If it breaks, it needed replacement anyway.
If you're going to throw it away, taking it apart won't do any more damage.
On 5/18/2018 4:38 PM, Tim Gorman wrote:
Before you throw the encoder away is it sealed or does it have an
opening somewhere? You could try flushing it with WD40 to see if one of
the mechanical switches is hanging and just needs a little cleaning.
Blow it out good with air and let it dry for a while and then test it
BTW, I did take one apart several years ago. It wasn't hard. I never
bothered to put it back together again tho!
On Fri, 18 May 2018 15:07:00 -0400
"Mike aka KC2WVB" <rb5363@...> wrote:
Thanks for addressing this issue, Daniel
I would show a picture of the encoder but I removed it. It's only a
few wires with yellow being a raduino ground that goes to the middle
pin out on the three pin out side. Yellow also goes to the top pin
out when viewing the encoder from its non-shaft side and the two pin
outs are on the left side of the encoder. Red then attaches below
yellow on the two pin out side and the remaining black and brown
wires attach to the top and bottom pin outs on the three pin out
side. Here it really does not matter because if you switch black and
brown you get reverse direction but I placed black on top and brown
on the bottom when looking at the encoder from behind and with the
three pin outs on the right side.
However, remember even if the push feature was perfect the rotary
feature of the encoder was only operating half correctly. I.e. the
pin out for the brown wire stayed at a constant high state while
rotating the shaft in any direction. I think it was 4.54 volts dc.
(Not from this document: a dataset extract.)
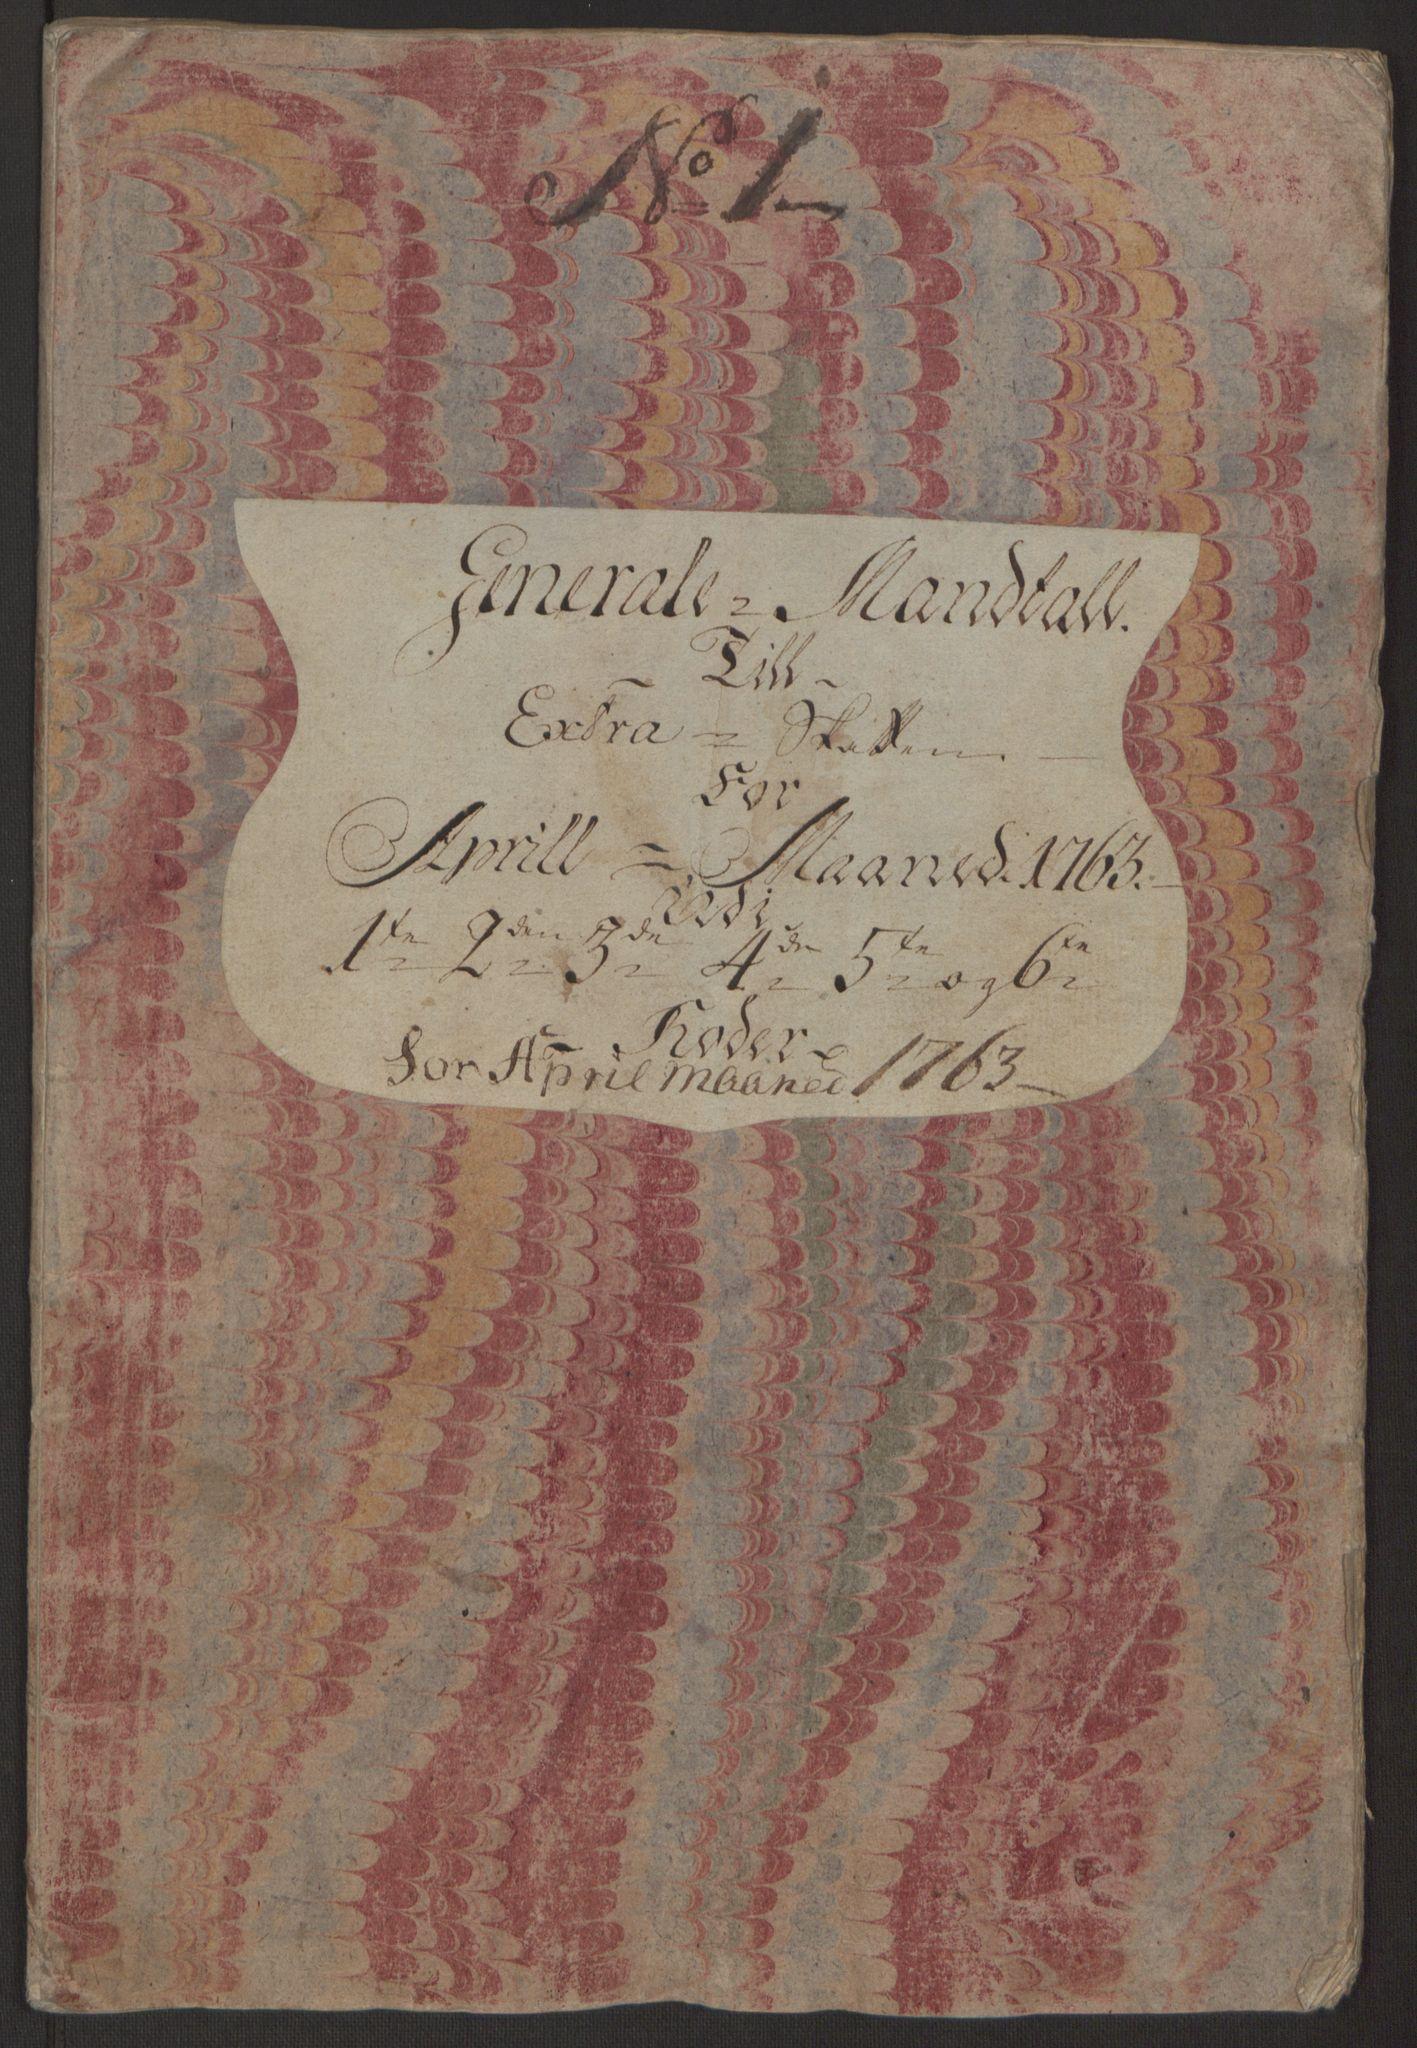 RA, Rentekammeret inntil 1814, Reviderte regnskaper, Byregnskaper, R/Rp/L0366: [P20] Kontribusjonsregnskap, 1763, s. 42

The push feature under a voltage test was erratic, so much so that I
don't really know how to easily verbalize its behavior. Regardless, I
should have something other than strictly two items that read "Band
Select" without an ability to select a band and "Press to Confirm"
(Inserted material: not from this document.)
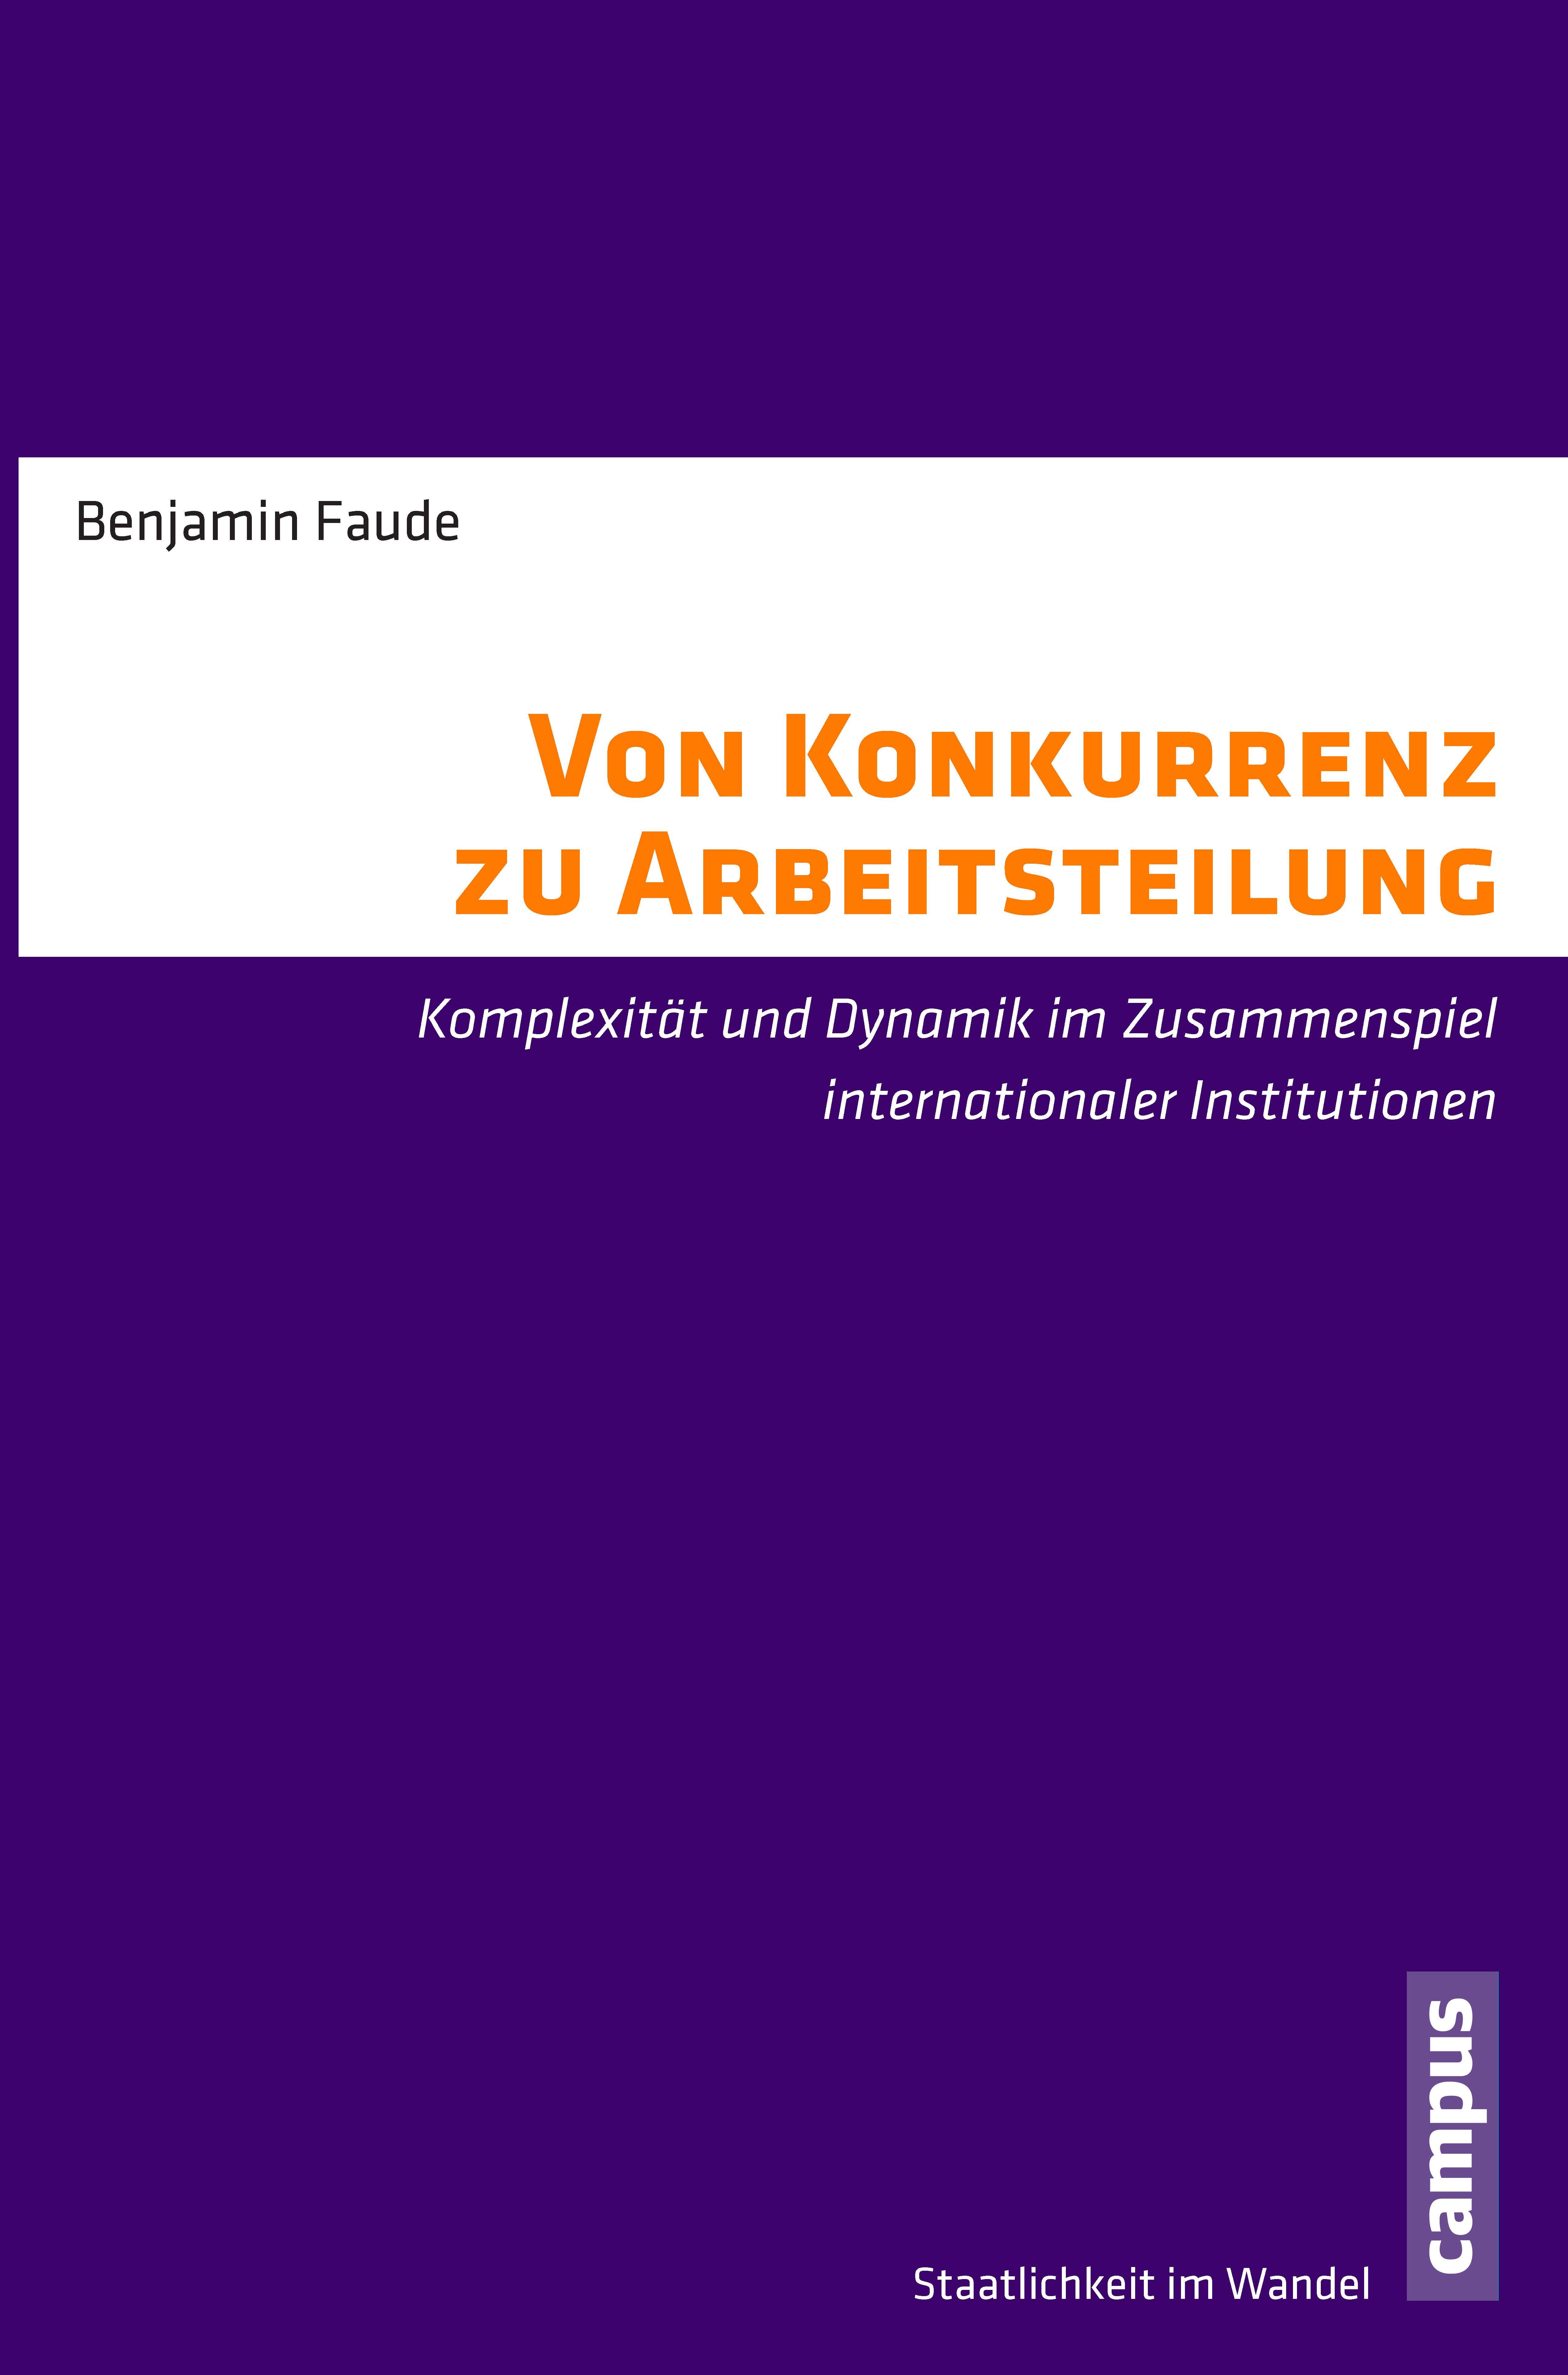 """Book Cover Faude """"Von Konkurrenz zu Arbeitsteilung"""""""

which is not meaningful if a band is not able to be selected when the
encoder shaft is pushed inward. As a matter of fact there is a host
of menu items that are selectable by the encoder but it is not
presumably letting me in.
I am 99% certain the encoder that came with the kit was meant to be
in the manufacturers trash pile and I will know for certain the
encoder is the only issue my kit has when the new encoders arrive,
most likely, Monday.
I am building the sister radio, BitX 40, now. It does not use a rotary
encoder to tune the radio, rather it uses a 10K potentiometer. I
suppose this is because it being a single band radio needs not a menu
function that allows the operator to make changes. I am thinking,
until the new encoder arrives I can probably get some tuning along
the band its stuck on, ie 40 meters, by using a 10K potentiometer in
lieu of the encoder. What do you think of the Idea??
Thanks for your interest.
On May 18, 2018 2:03 PM, "Daniel Conklin" <@W2DLC>
Mike, It appears to be doing what it's supposed to do when you press
it. Post a photo of the back showing how you have it wired.